Боль уступает слабости, и каждое слово — с трудом, каждый вдох — с трудом, улыбка — с трудом, но сейчас он счастлив, благодарен за подобный исход, благодарен Гинтоки — он не мог позволить ему снова взвалить на собственные плечи смерть Шоё-сенсея; тогда, десять лет назад, он бы без раздумий отдал собственную жизнь, чтобы не выбирать, тогда бы он умер за Шоё-сенсея, и ненавидел Гинтоки за то, что тот выбрал другое.
Но теперь всё было как надо, он сам сделал всё, как надо. Не дал Уцуро убить сенсея, и на этот раз Гинтоки не будет страдать, как страдал из-за Шоё-сенсея тогда, также, как тогда страдал он сам.
Огненный закат больше не греет и холод расползается по телу, поглощает, но слушая голос Гинтоки, кажется, что становится несколько теплее, голос Гинтоки уносит на миллионы шагов назад, когда они без конца дрались и пререкались, в единственное время, которое больше не вернуть — когда он по-настоящему был счастлив.
Гинтоки не перестаёт шутить, но голос его вдруг надламывается и снова становится холоднее.
Он не хочет.
Ему не нужно от Гинтоки подобных эмоций.
Ведь тогда его план — рухнет, ведь тогда уходить будет несравнимо тяжелее.
Пустота близко, но ему не страшно, он, в отличие от Гинтоки, давно пуст.
И он торопится поговорить, делать то, чего они не делали всё это время, отвечает шуткой на шутку, как умеет, и почти жалеет, что... но глаза... глаз, почти не держит, у него не осталось сил, и он понимает, что это — последний шанс. Сказать правду, и попросить так, чтобы это не выглядело одолжением — вернуть не сможет.
Потому что сейчас, здесь, перед ним, это не Гинтоки. Не тот человек, которого он жаждал победить, не тот, за которым он гнался всю свою жизнь, оставаясь позади.
У Гинтоки, которого он знал, не дрожал голос.

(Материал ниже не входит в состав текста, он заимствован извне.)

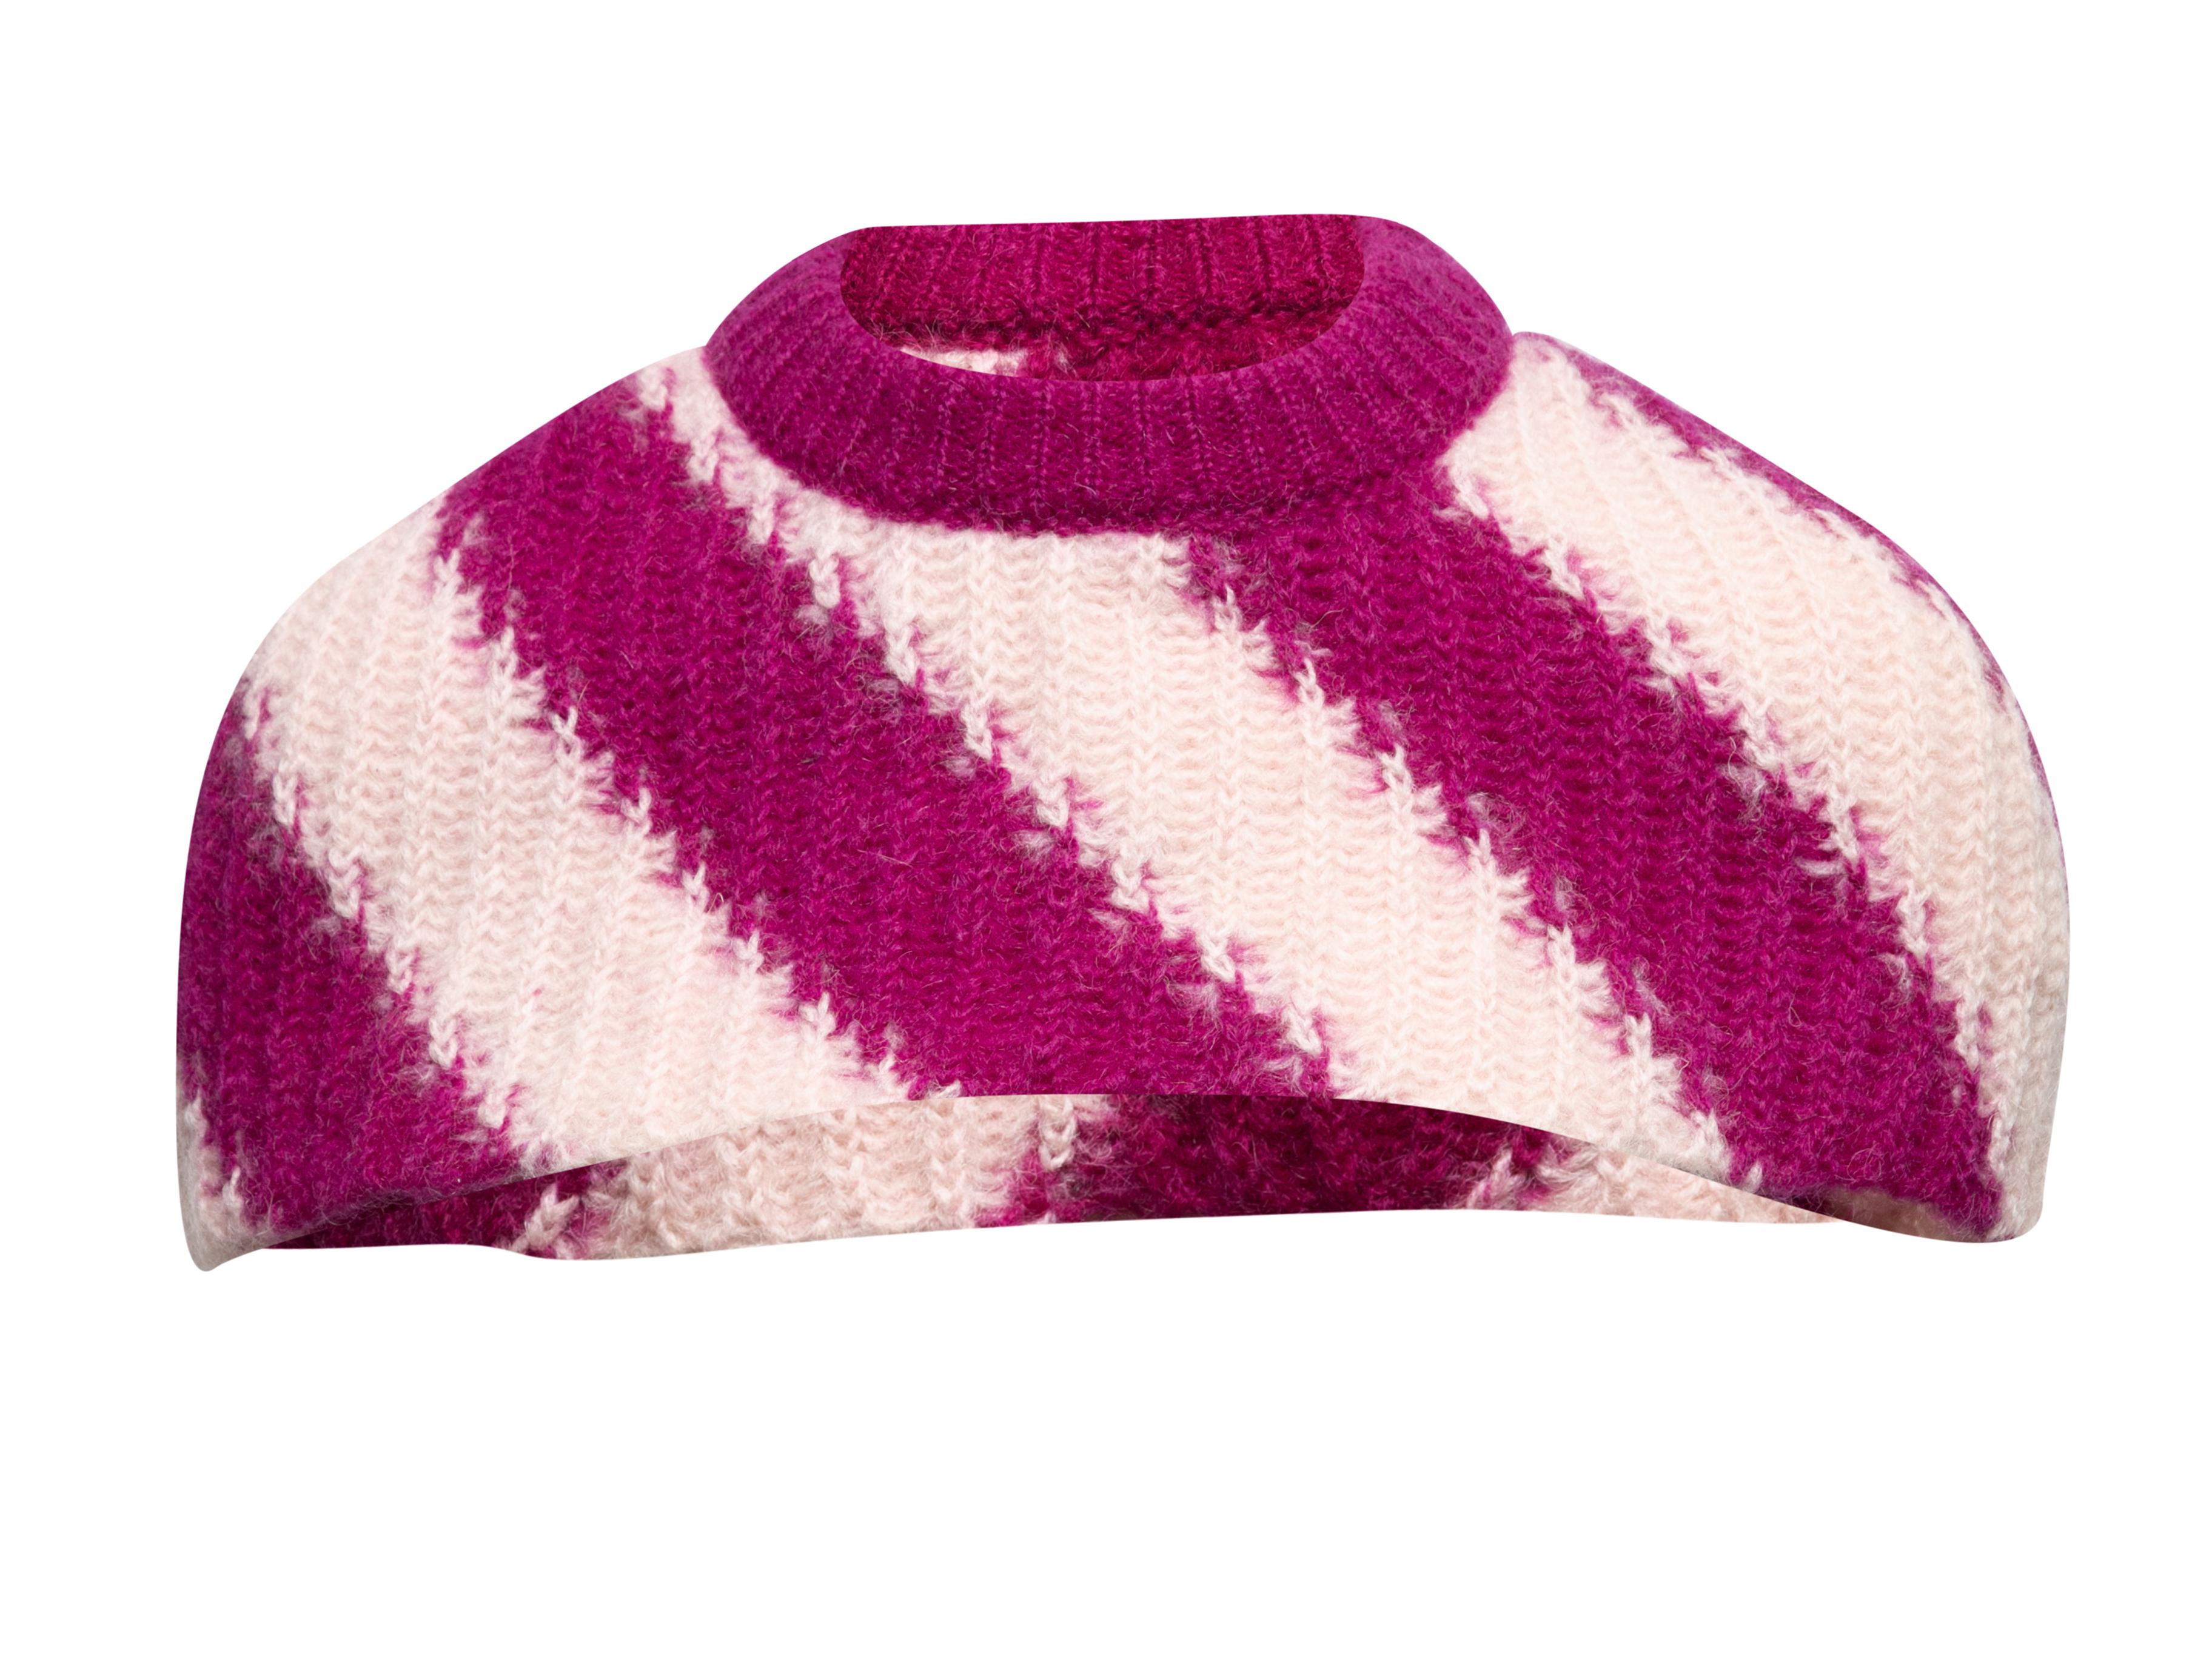 Magenta and white mohair knit shrug by Calvin Klein 205W39NYC. Diagonal striped pattern throughout. Crew neck. 40

Гинтоки, которого он хотел видеть — не тот, которым узрел его левый глаз, прежде чем навечно закрыться, навсегда запечатав ненавистное.
Не тот, которого видит сейчас.
Часть его считала это абсурдным, невозможным — он только и делал, что разрывал узы с людьми, когда как Гинтоки делал наоборот, и всё же, он не хотел больше видеть этих слёз, не хотел видеть то, что ломало по ночам.
Лицо скатившейся по щеке слезой.
Как у Шоё-сенсея.
Поэтому он просит.
Поэтому он хочет, чтобы последним, что отпечатается в его правом глазу, это…
Веко смыкается: выхватывает белесую чёлку, тень на лице, не видит чужих глаз, но через три удара сердца видит — широкую улыбку и открытый взгляд.
Ту, на которую способен только этот человек.
Так то... лучше...
Лицо Гинтоки становится далёким.
Он слышит голос Гинтоки, где-то вдалеке, что-то про ад, и идёт на него в полной темноте.
Он должен идти, продолжать переставлять ноги, во что бы то ни стало, шагать за этим голосом.
Сердце стихает.
Пусть даже в ад, лишь бы догнать.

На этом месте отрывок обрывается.